A queue can become congested if the bandwidth of data arriving exceeds the bandwidth allocated or available. Each queue has a drop threshold expressed in bytes. Once the backlog in a QoS queue reaches its drop threshold, any packets that can not be transmitted are discarded until the backlog is cleared back below the threshold level.

For example, the 40-Mb/s flow with the 20,000-byte burst could be assumed to be congested if more than one burst’s worth of data has accumulated on the QoS queue. In this case, the drop threshold would be set to 40,000 bytes.

Congestion and Credit Scaling

The destination queue for a QoS cluster may also be congested. For example, a cluster may configure 100-Mb/s worth of data on an Ethernet device, but find that, for various reasons, the device is capable of sending only 70 Mb/s. The cluster algorithm will automatically scale the credit assigned to each queue according to how congested the egress queue becomes.

Each QoS cluster is configured with four egress congestion threshold values. Iteration credit is assigned to each queue in the cluster depending on the egress congestion, and the value of these four congestion thresholds. This is implemented as shown in Table 4-54.

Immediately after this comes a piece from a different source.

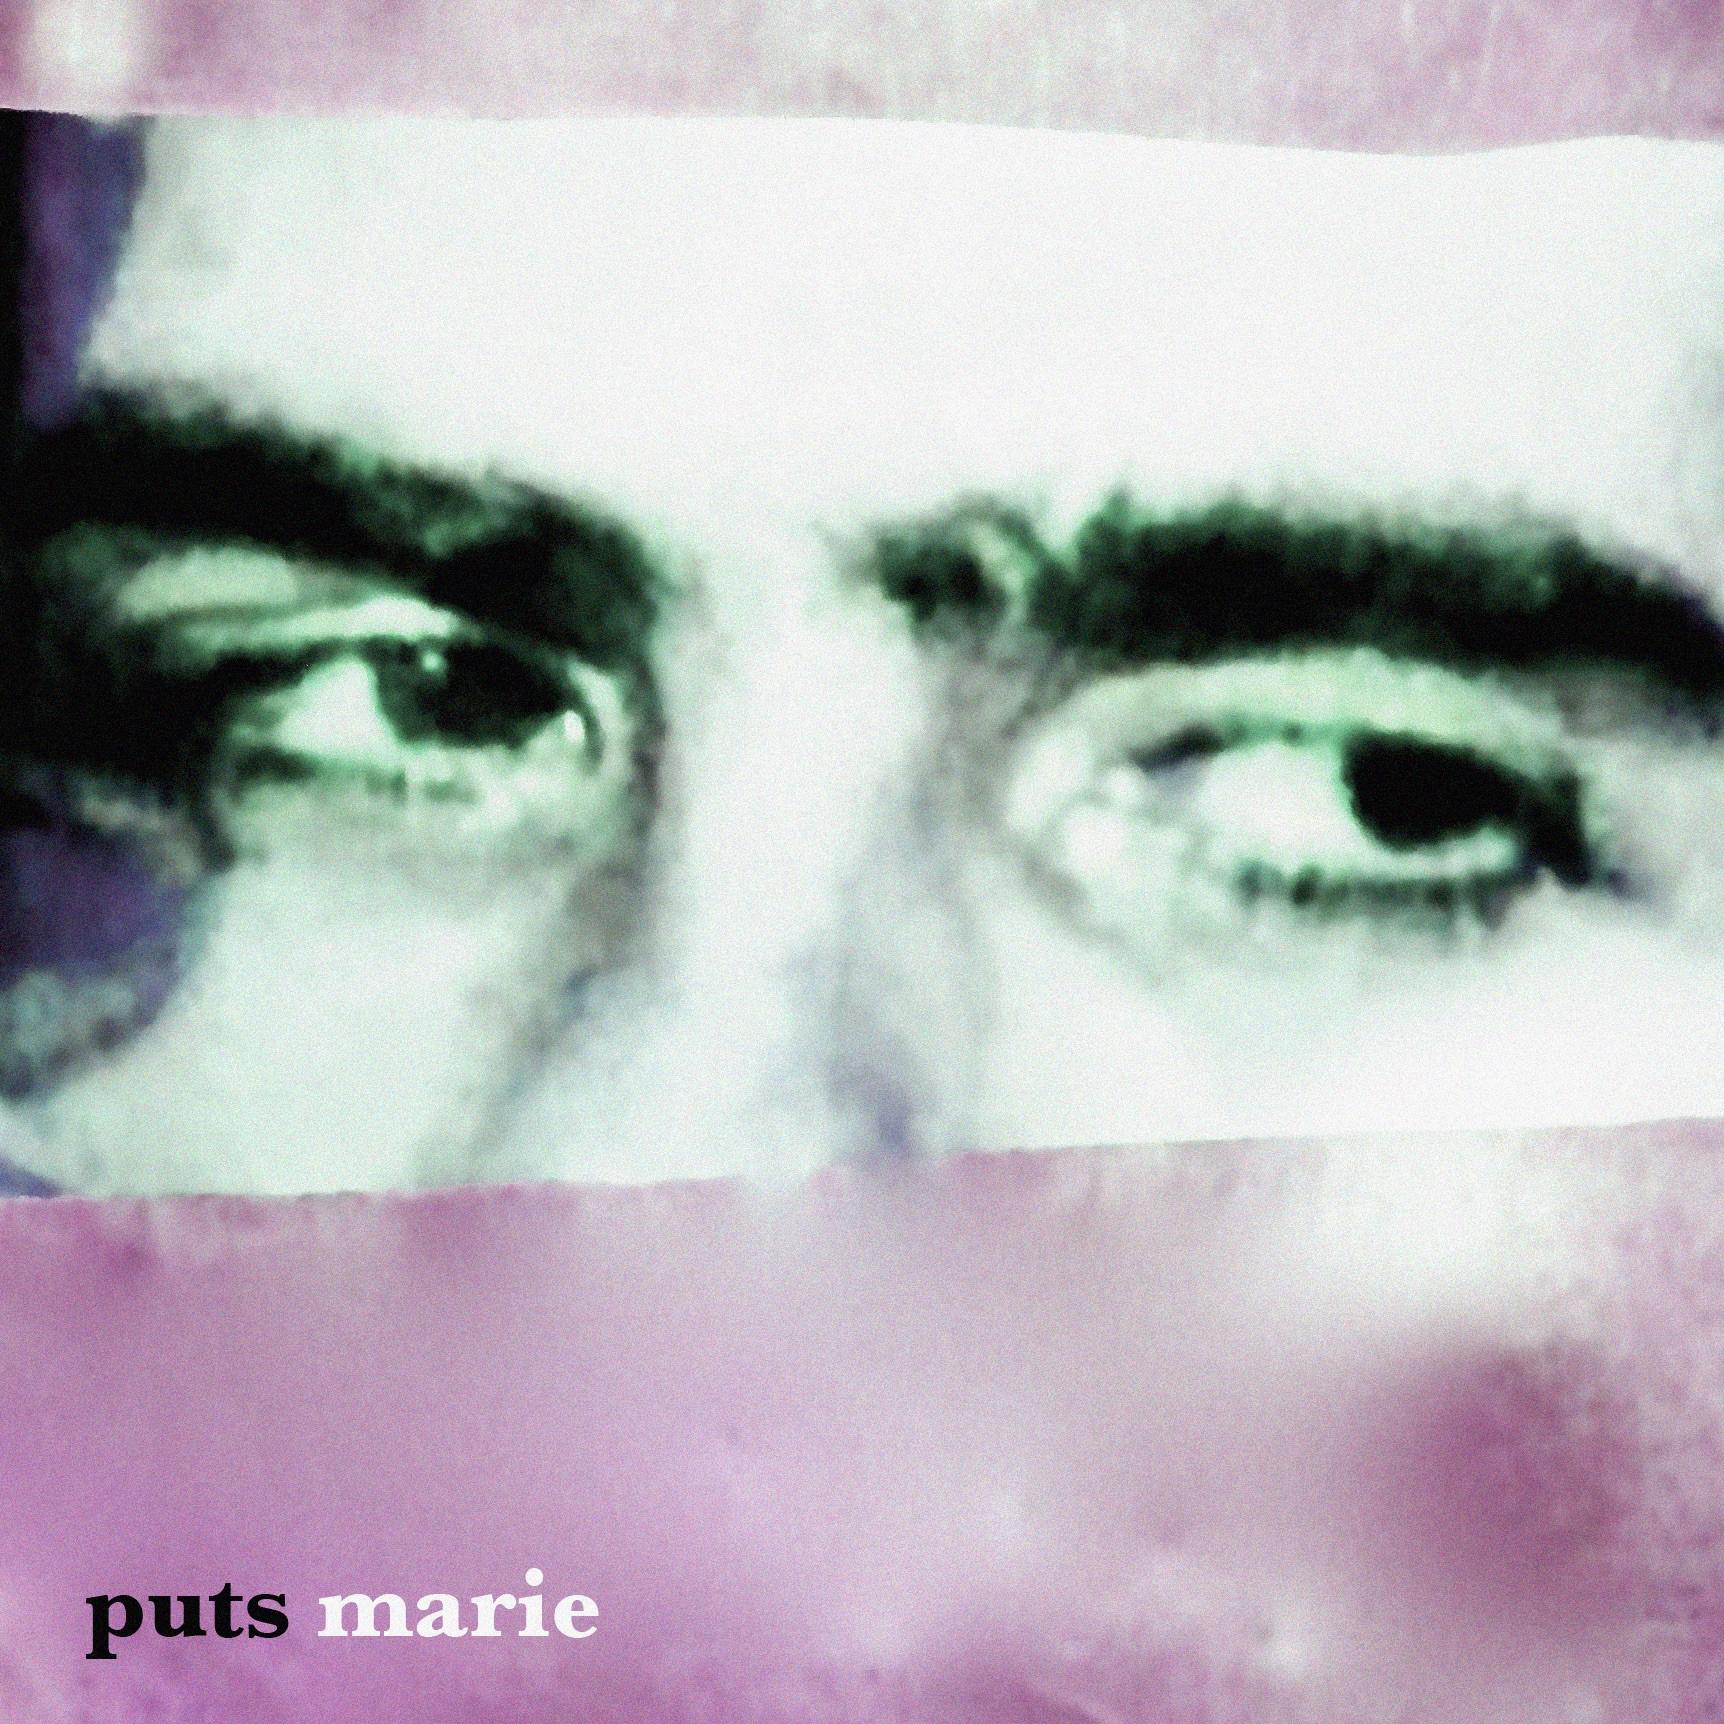 PUTS MARIE – Pornstar

Table 4-54 Destination Congestion and Credit Scaling

Egress Queue Congestion (Backlog) Level QoS Queue Credit Assigned
Backlog < Threshold 1 Double credit
Backlog >= Threshold 1 and Backlog < Threshold 2 Normal credit
Backlog >= Threshold 2 and Backlog < Threshold 3 Half credit
Backlog >= Threshold 3 and Backlog < Threshold 4 Quarter credit
Backlog >= Threshold 4 No credit

Note that the use of double credit for near idle situations is used to ensure that each queue's burst potential be refilled as quickly as possible. It also allows the full bandwidth of a device to be used when the allocated bandwidth isn't quite enough to fill the device (for example allocating 98 Mb/s from a 100-Mb/s device).

If the egress queue for a cluster becomes congested due to external influences (like heavy load on the network), the credit scaling will affect each QoS queue equally. There may be cases in which some flows require hard real-time scheduling. In this case, the queue can be marked as real time and exempt from credit scaling.

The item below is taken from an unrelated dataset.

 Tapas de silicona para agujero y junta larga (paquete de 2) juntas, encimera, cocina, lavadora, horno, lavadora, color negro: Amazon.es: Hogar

For example, in a 100-Mb/s system that has two flows, a 40-Mb/s flow and everything else, the first queue in the cluster would be configured as 40-Mb/s real time, and the second queue can be configured as 60-Mb/s (without the real time setting). As the available bandwidth on the network drops, the 40-Mb/s flow would remain unaffected, while the 60-Mb/s flow would be scaled down.

Fixed Priority Configuration

This algorithm can also be used to implement a fixed-priority method, in which each queue is serviced in a fixed priority with the first queue in the cluster being the highest priority. This is done by assigning all iteration credit to the first queue in the cluster, and setting the maximum credit of each queue to the maximum packet size. This ensures that credit is passed only to subsequent queues when there are no packets waiting on the current queue.

For example, assume there are three queues, A, B, and C. In a simple priority system, queue A would always transmit packets when packets are available, while queue B transmits only when queue A is idle, and queue C transmits only when queue B is idle.

On a 100-Mb/s system, the queues could be configured as follows:

  • Queue A
    • Iteration Credit = 313 (100 Mb/s is 312.5 bytes every 25 µs)
    • Max Credit = 1514
  • Queue B
    • Iteration Credit = 0
    • Max Credit = 1514
  • Queue C
    • Iteration Credit = 0
    • Max Credit = 1514

The way the algorithm works, queue A will get 313 bytes of credit at the start of each iteration. Because queue A can hold up to 1514 bytes as max credit, queue A will never pass credit onto queue B while queue A has a packet. (If queue A has more than 1514 bytes of credit, it can always forward a packet.)

Queue A must be idle for an entire packet time (1514 bytes of iteration credit) before any credit will start flowing into queue B. The same relationship holds between queue B and queue C. The only way queue B sends a packet is after queue A is idle for a packet time, and the only way queue C can send a packet is after queue B is idle for a packet time.